Ich meine natürlich die von Dieter Eisele, das keine Verwirung auftaucht 
Warum kann man eigentlich seine Komentare nicht editieren ;+



> Diese exklusiven Brandungsvorfächer von Dieter Eisele werden in Deutschland per Hand geknüpft. Hierbei werden nur die besten Materialien verwendet, wie z.B. Kamasanhaken, Berkley Trilene Schnüre, Sovik-Wirbel, Lil-Corky Perlen, Breakaway Clips und Zubehör. Nur die Kombination dieser hochwertigen Materialien und die Erfahrung der „Vorfachknüpfer“ lassen diese Vorfächer sicher und fängig sein. Nicht zuletzt spielen die Erfahrungen und die Entwicklung der Deutschen Damen-Nationalmannschaft im Brandungsangeln des DMV in unsere Select-Brandungsvorfächer ein.


----------



## Agalatze (11. Juni 2006)

*AW: brauchbare Vorfächer zum Brandungsangeln, wo am bessten kaufen?*



			
				Sleepy Hollow schrieb:
			
		

> Ich meine natürlich die von Dieter Eisele, das keine Verwirung auftaucht
> Warum kann man eigentlich seine Komentare nicht editieren ;+


 
also ganz ehrlich... toll sind die systeme nicht !
für den anfänger der überhaupt keine ahnung hat, und keine binden kann,
ist das sicher ok, aber ansonsten viel zu teuer und auch nicht gerade super.
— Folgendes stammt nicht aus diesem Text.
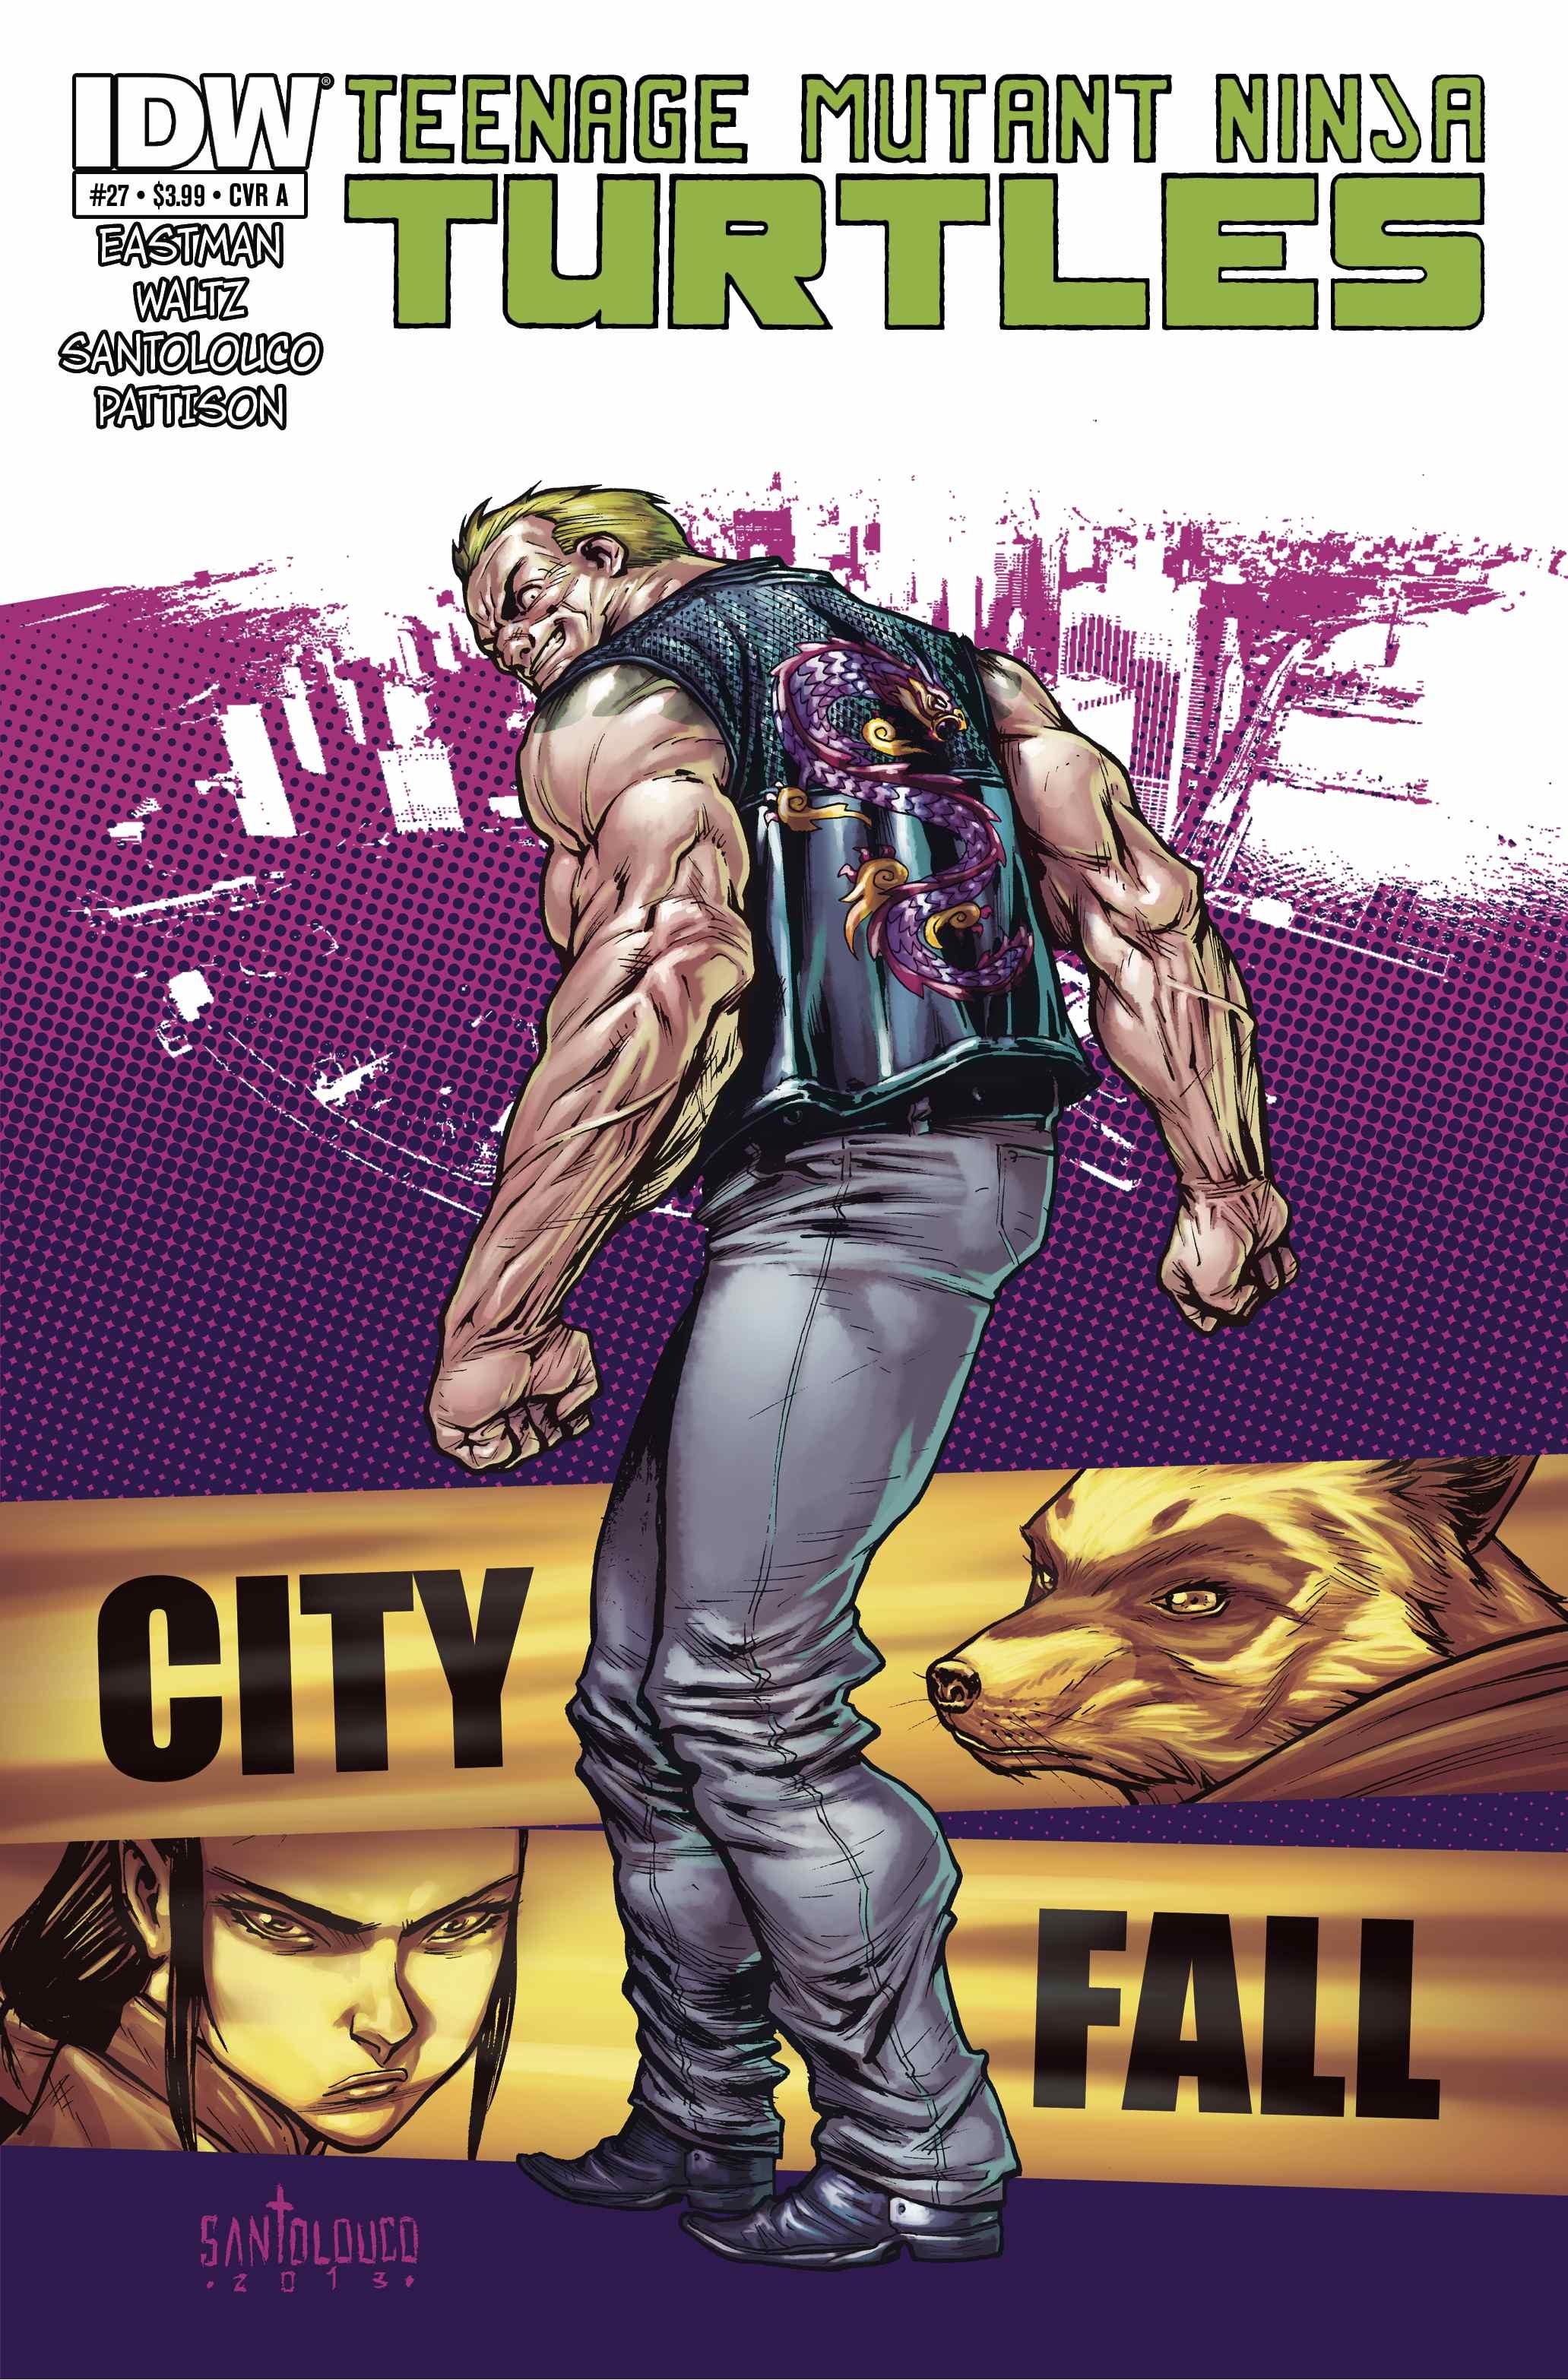 City Fall, part 6

ach ja... und die erfahrungen der damen-nationalmannschaft spielen da auch keine rolle. die werden zwar gesponsert, aber entwickeln keine vorfächer. das wurde vor jahren wohl mal so gemacht, aber jetzt nicht mehr.


----------



## Hadley (17. Juni 2006)

*AW: brauchbare Vorfächer zum Brandungsangeln, wo am bessten kaufen?*

*Ich habe mir im Mai 5 Vorfächer für 70 Kronen beim *
*Händler gekauft,mit Blei und allem Zipp & Zapp.*
*Da habe ich nur die Knoten ein wenig bearbeitet,*
*und das Blei das nur eingeschlauft war richtig*
*befestigt.*
*Habe damit 3 Wochen geangelt,und mir nur eins*
*abgerissen.*
*Jetzt bin ich kein Profi ( Brandugsangeln leider nur*
*im Urlaub ),aber die Dänen angeln auch damit,und*
*ich denke die wissen was sie tun.*
*Meine beiden Kumpel haben mit selbstgeknoteten*
*Vorfächern geagelt,( mit Spinnerblättchen und*
*Lockperlen )unterschiede in der fängigkeit waren*
*da nicht festzustellen.#c *

*Gruß: Hadley #h *


----------



## Agalatze (17. Juni 2006)

*AW: brauchbare Vorfächer zum Brandungsangeln, wo am bessten kaufen?*



			
				Hadley schrieb:
			
		

> *Ich habe mir im Mai 5 Vorfächer für 70 Kronen beim *
> *Händler gekauft,mit Blei und allem Zipp & Zapp.*
> *Da habe ich nur die Knoten ein wenig bearbeitet,*
> *und das Blei das nur eingeschlauft war richtig*
> ...


 
ich weiss ja nicht wie ihr das gemacht habt, dass die systeme 3 wochen gehalten haben, aber nun gut...
ob die dänen damit angeln oder auch nicht... vielleicht waren das auch nur anfänger. aber in der regel fangen sie selber gebauten besser.


----------